1. Each member of the species has the same chance of producing offspring, given by a distribution over $\mathbf{N}$.
2. The population reproduces asexually and statistically independantly of one another.

These assumptions guarentee that $X_t$ is a markov chain on $\mathbf{N}$.

Now if $X_t = k$, and $Y_1, \dots, Y_k$ are independent random variables with the distribution described above, then \begin{equation} \mathbf{P}(X_{t+1} = k' | X_t = k) = \mathbf{P}\left(\sum_{i = 1}^k Y_i = k' \right) \end{equation} Let $\mu$ denote the mean amount of offspring a single individual will possess. Then by (1), \begin{equation} \mathbf{E}(X_{t+1}|X_t = k) = \mathbf{E}\left(\sum_{i = 1}^k Y_i \right) = \sum_{i = 1}^k \mathbf{E}(Y_i) = k\mu \end{equation} (2) gives us the relatively easy computation that \begin{equation} \mathbf{E}(X_{t+1}) = \mathbf{E}[\mathbf{E}(X_{t+1}|X_t)] = \sum_{k = 0}^\infty \mathbf{P}(X_t = k) k \mu = \mu \mathbf{E}(X_t) \end{equation} And therefore $\mathbf{E}(X_n) = \mu^n \mathbf{E}(X_0)$.

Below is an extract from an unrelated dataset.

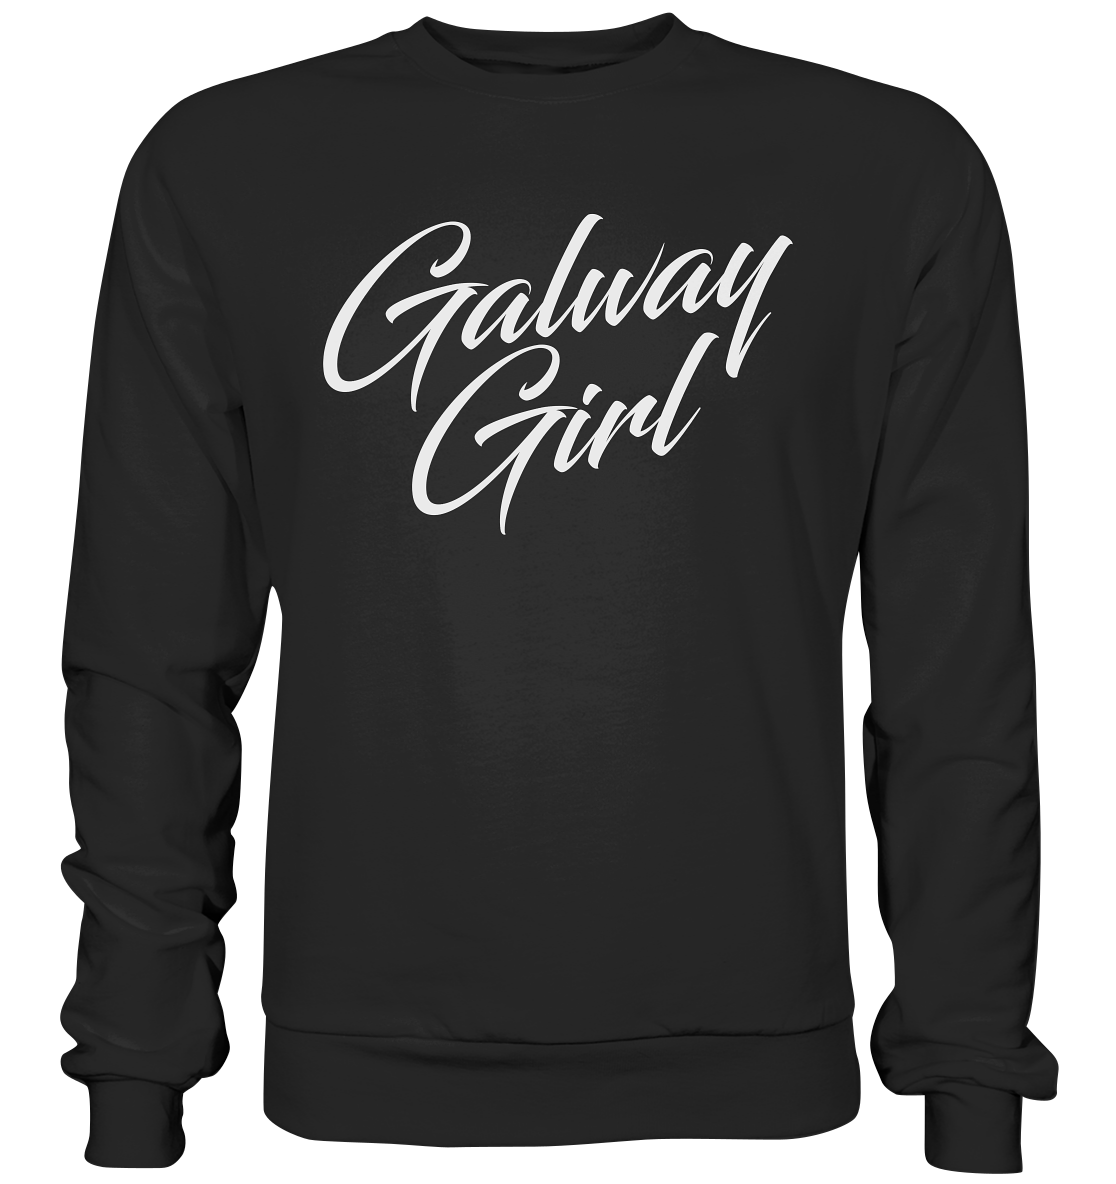 Galway Girl "Script" - Premium Sweatshirt
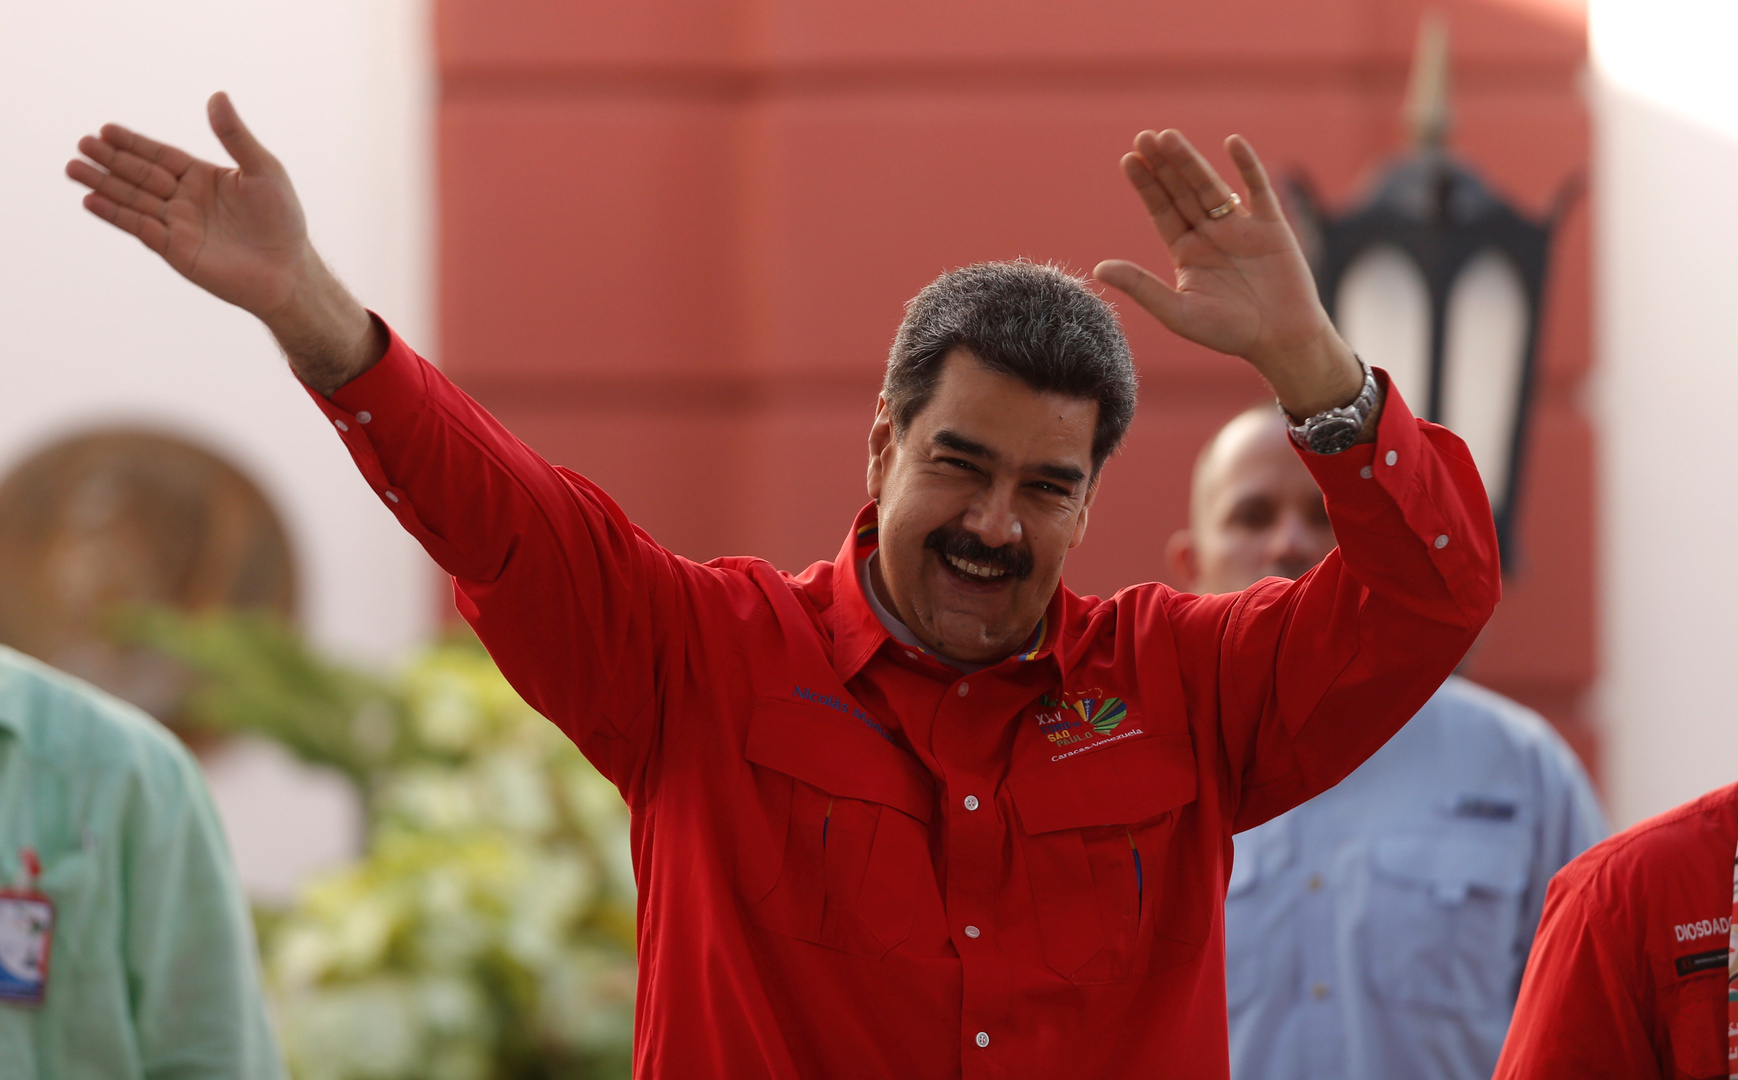 مادورو: الوقت حان للتفاوض مع واشنطن وجذور الخلاف ليست في ترامب بل مستشاريه

This already tells us the intuitive fact that

1. If $\mu < 1$, our expected population will tend to extinction.
2. If $\mu = 1$, our population will on average remain the same.
3. If $\mu > 1$, our expected population will become unbouned.

What's more, by Markov's inequality, if $\mu < 1$, then \[ \mathbf{P}(X_n = 0) = 1 - \mathbf{P}(X_n > 1/2) \geq 1 - 2\mathbf{E}(X_n) = 1 - 2 \mu^n \mathbf{E}(X_0) \to 1 \] Since $\sum_{n = 1}^\infty \mathbf{P}(X_n = 0) = \lim_{n \to \infty} \mathbf{P}(X_n) = 1$, the population will almost surely become extinct.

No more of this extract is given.